- _Work to complete_
Would you please repeat all of the data exactly, omitting the pictures?

** Opening Data extract block **

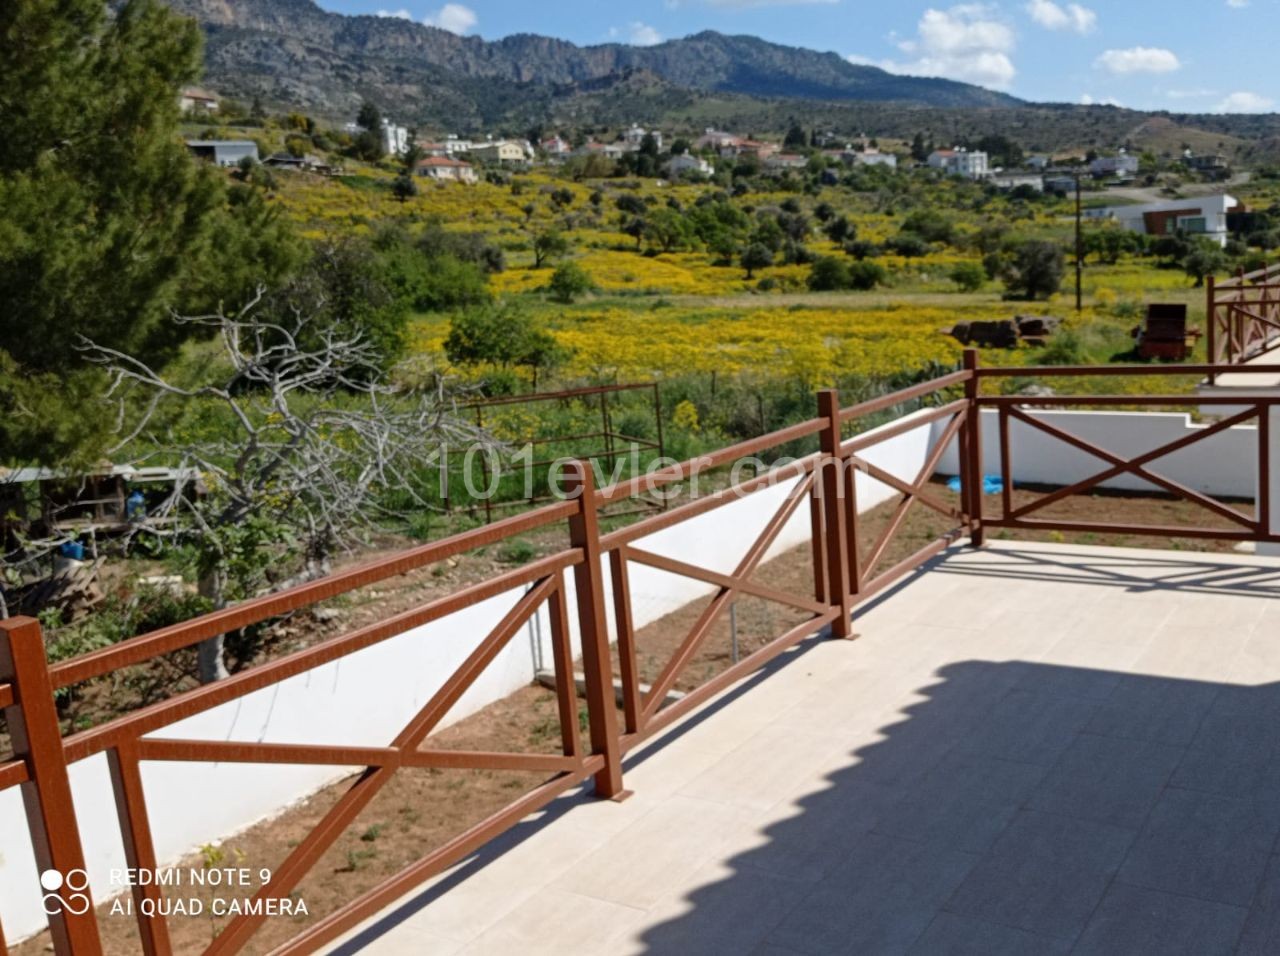 Villa for sale in excellent location, a scrumptious view of Cyprus
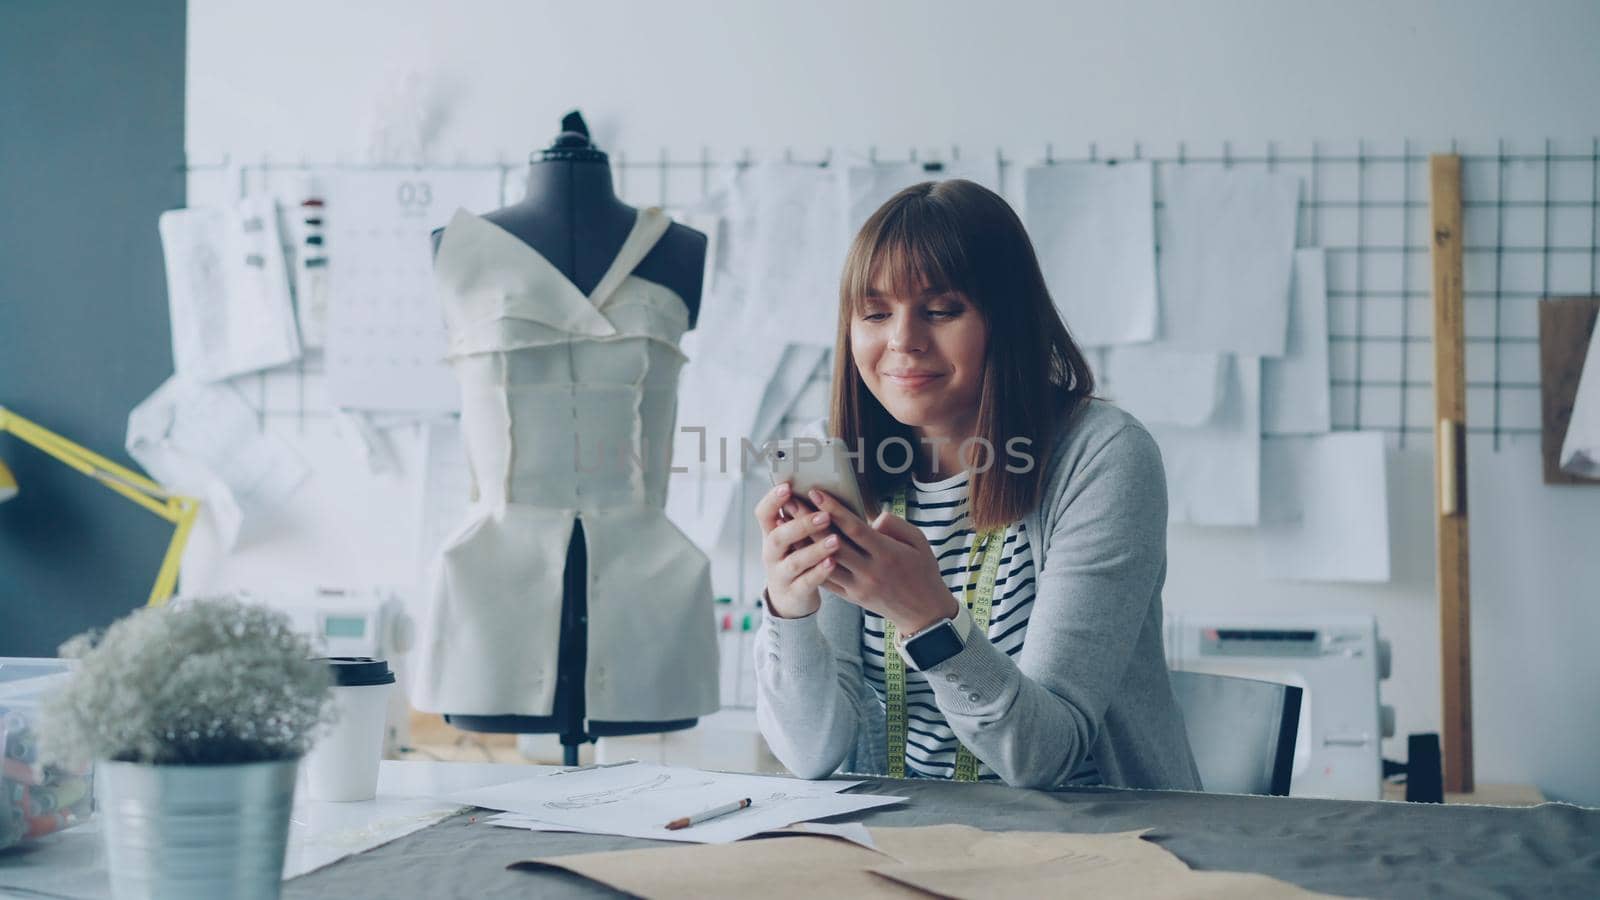 Creative clothing designer is looking at smartphone screen and drawing sketch while working in modern tailor shop at sewing table. Woman is busy and involved in process.
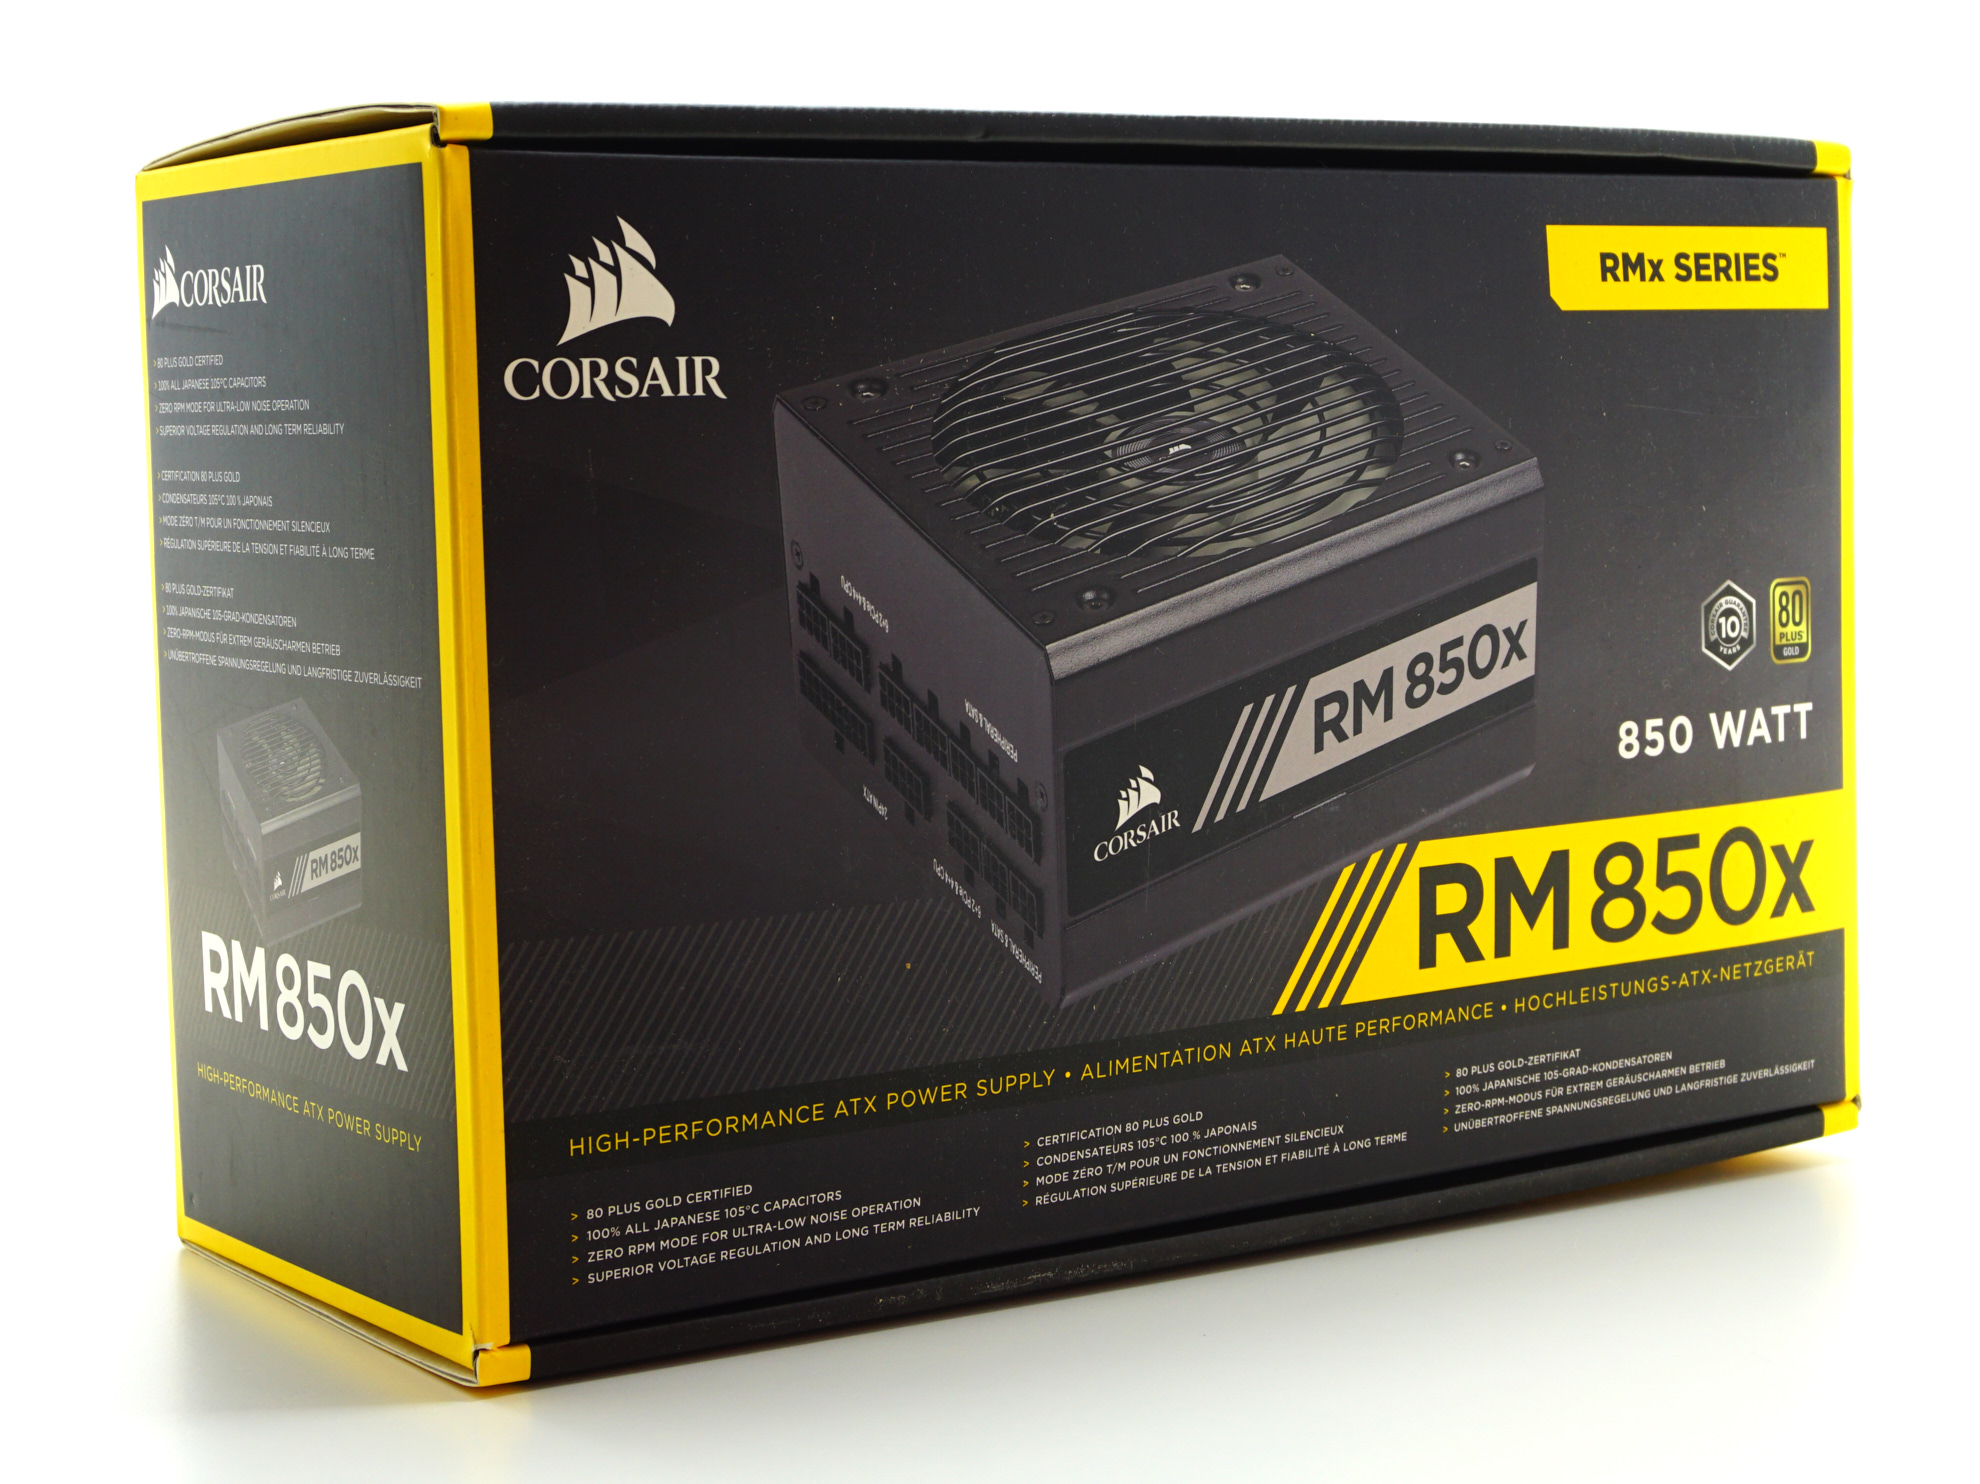 The Corsair RM850x (2018) PSU Exceptional Electrical Performance

** Closing Data extract block **

- _Written reply_
 Villa for sale in excellent location, a scrumptious view of Cyprus
 Creative clothing designer is looking at smartphone screen and drawing sketch while working in modern tailor shop at sewing table. Woman is busy and involved in process.
 The Corsair RM850x (2018) PSU Exceptional Electrical Performance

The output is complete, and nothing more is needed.